#### Given material:
========================================================================

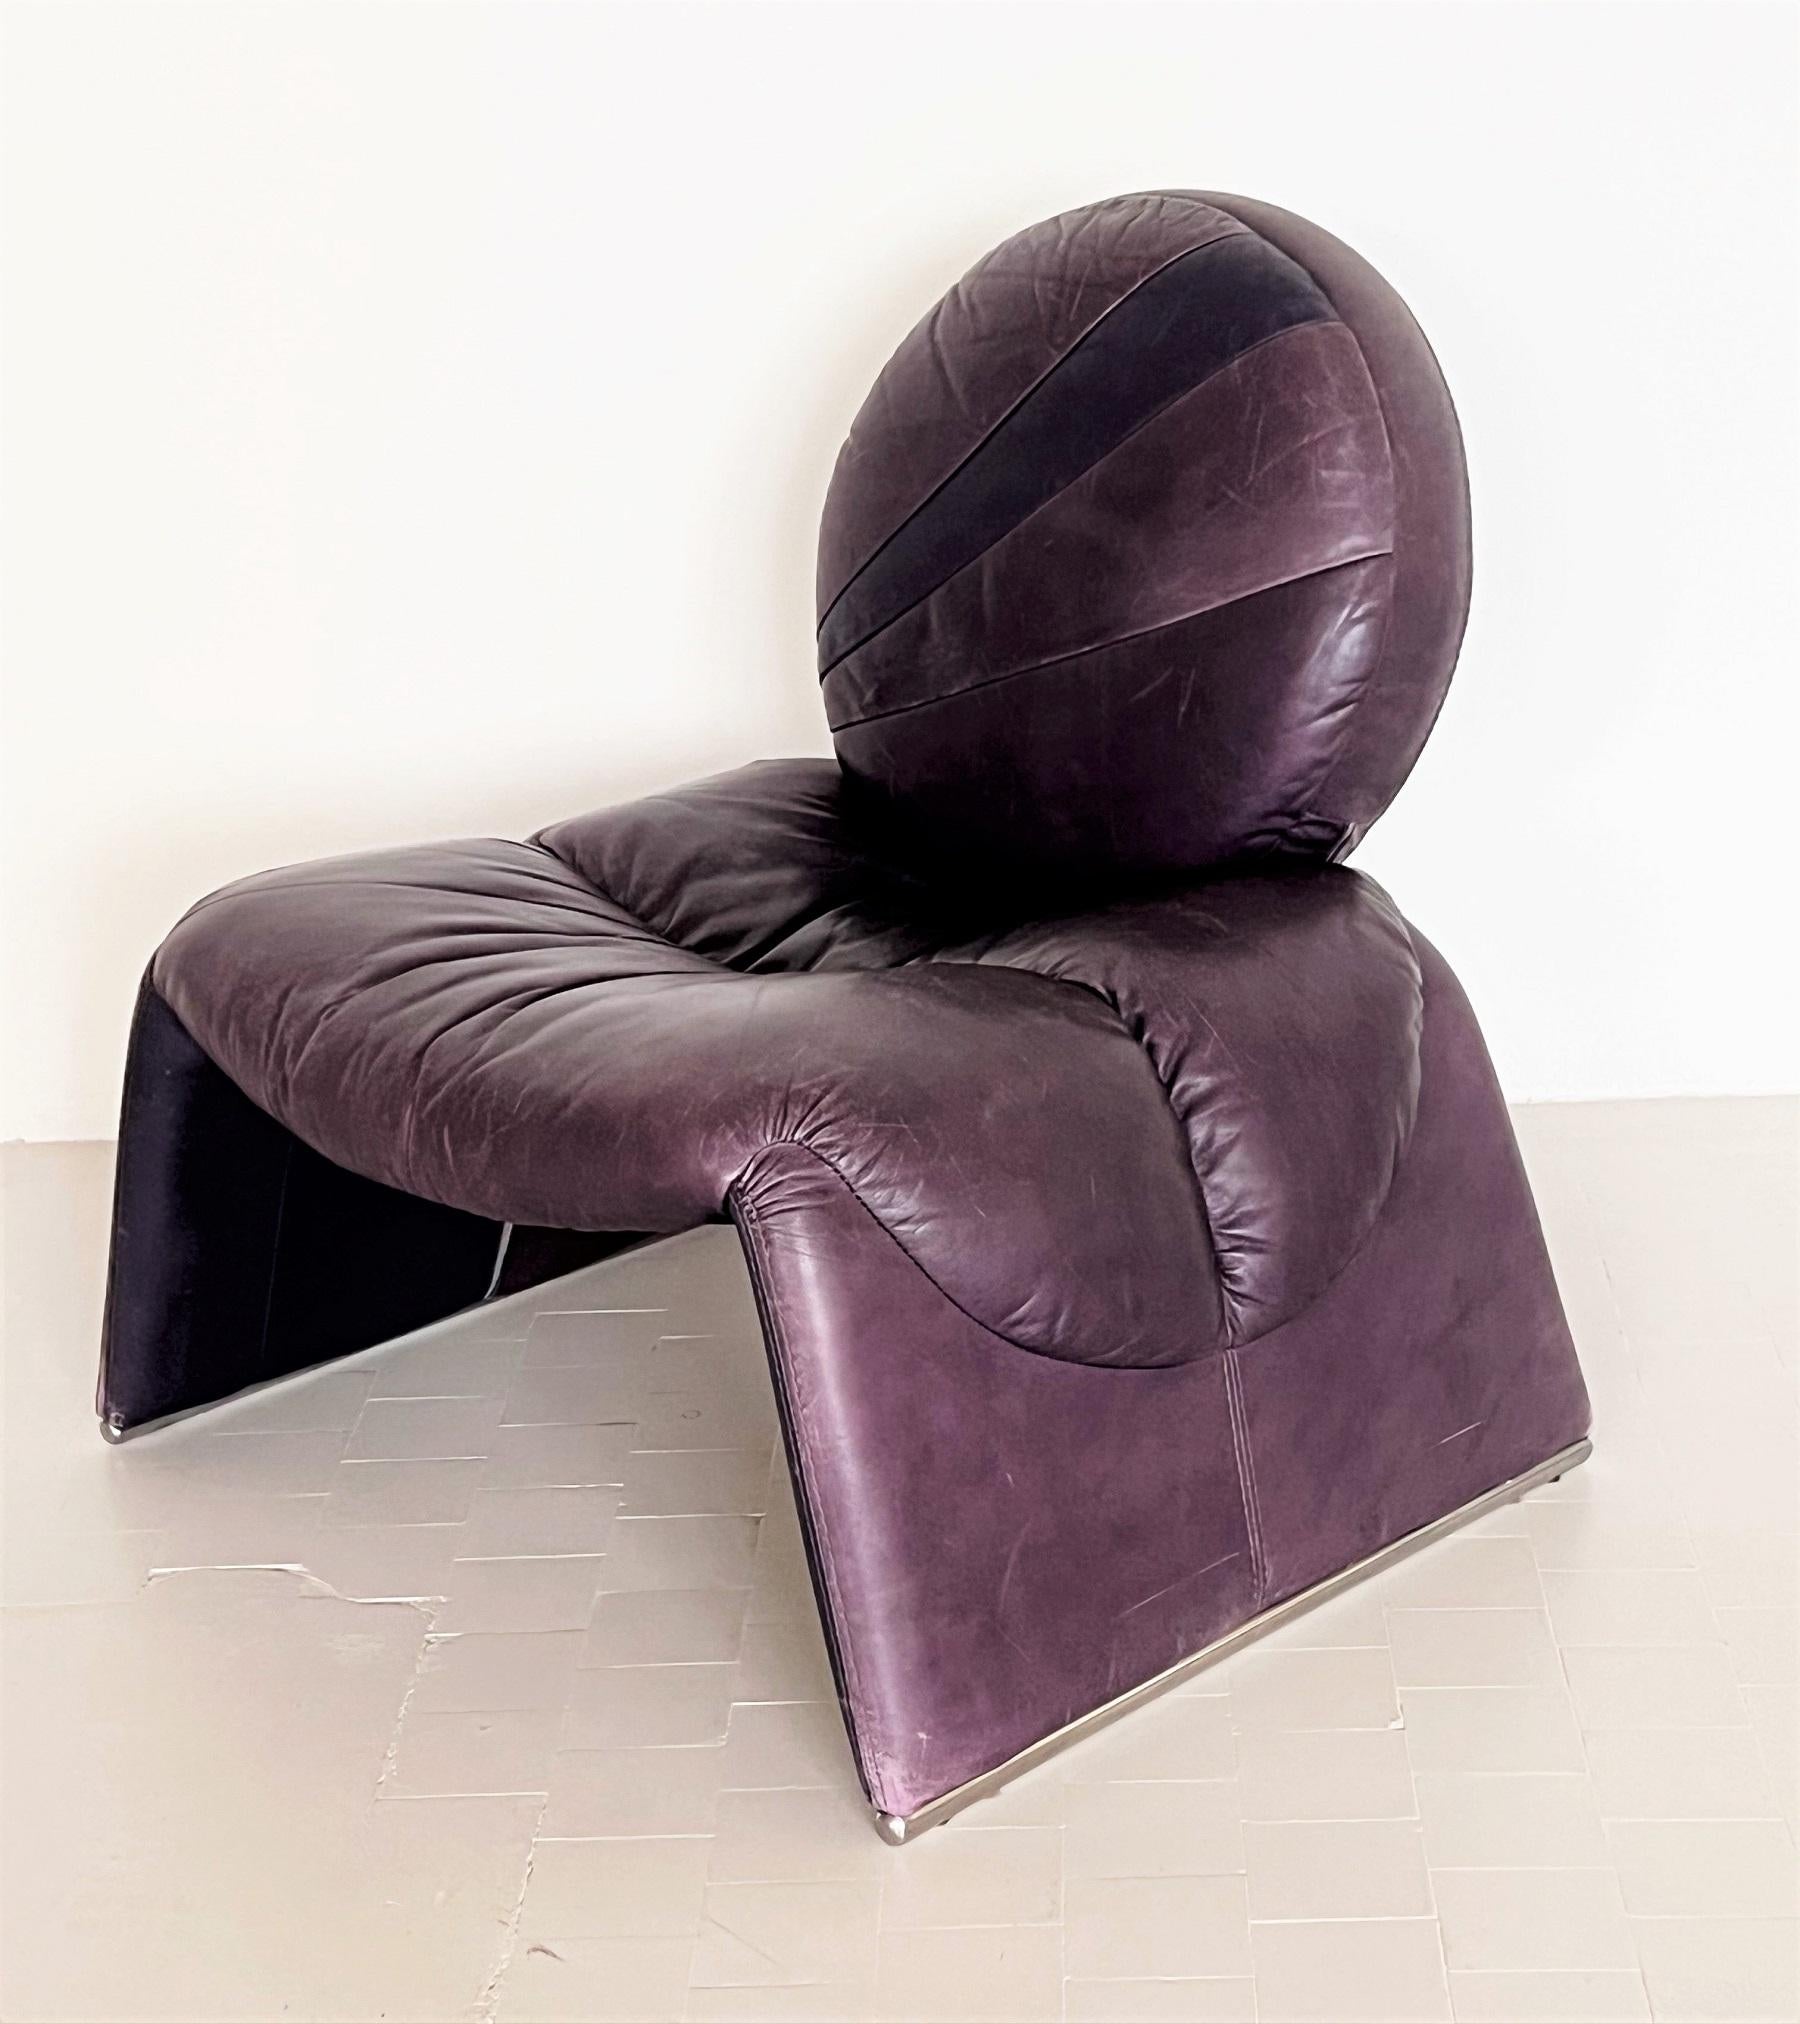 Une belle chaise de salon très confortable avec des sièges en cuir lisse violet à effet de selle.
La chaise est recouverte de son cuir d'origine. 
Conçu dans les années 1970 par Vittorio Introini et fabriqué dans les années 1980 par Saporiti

========================================================================

#### Action item:
Your answer should copy the listing word for word, with no pictures in it.

#### Result for this task:
 Une belle chaise de salon très confortable avec des sièges en cuir lisse violet à effet de selle.
La chaise est recouverte de son cuir d'origine. 
Conçu dans les années 1970 par Vittorio Introini et fabriqué dans les années 1980 par Saporiti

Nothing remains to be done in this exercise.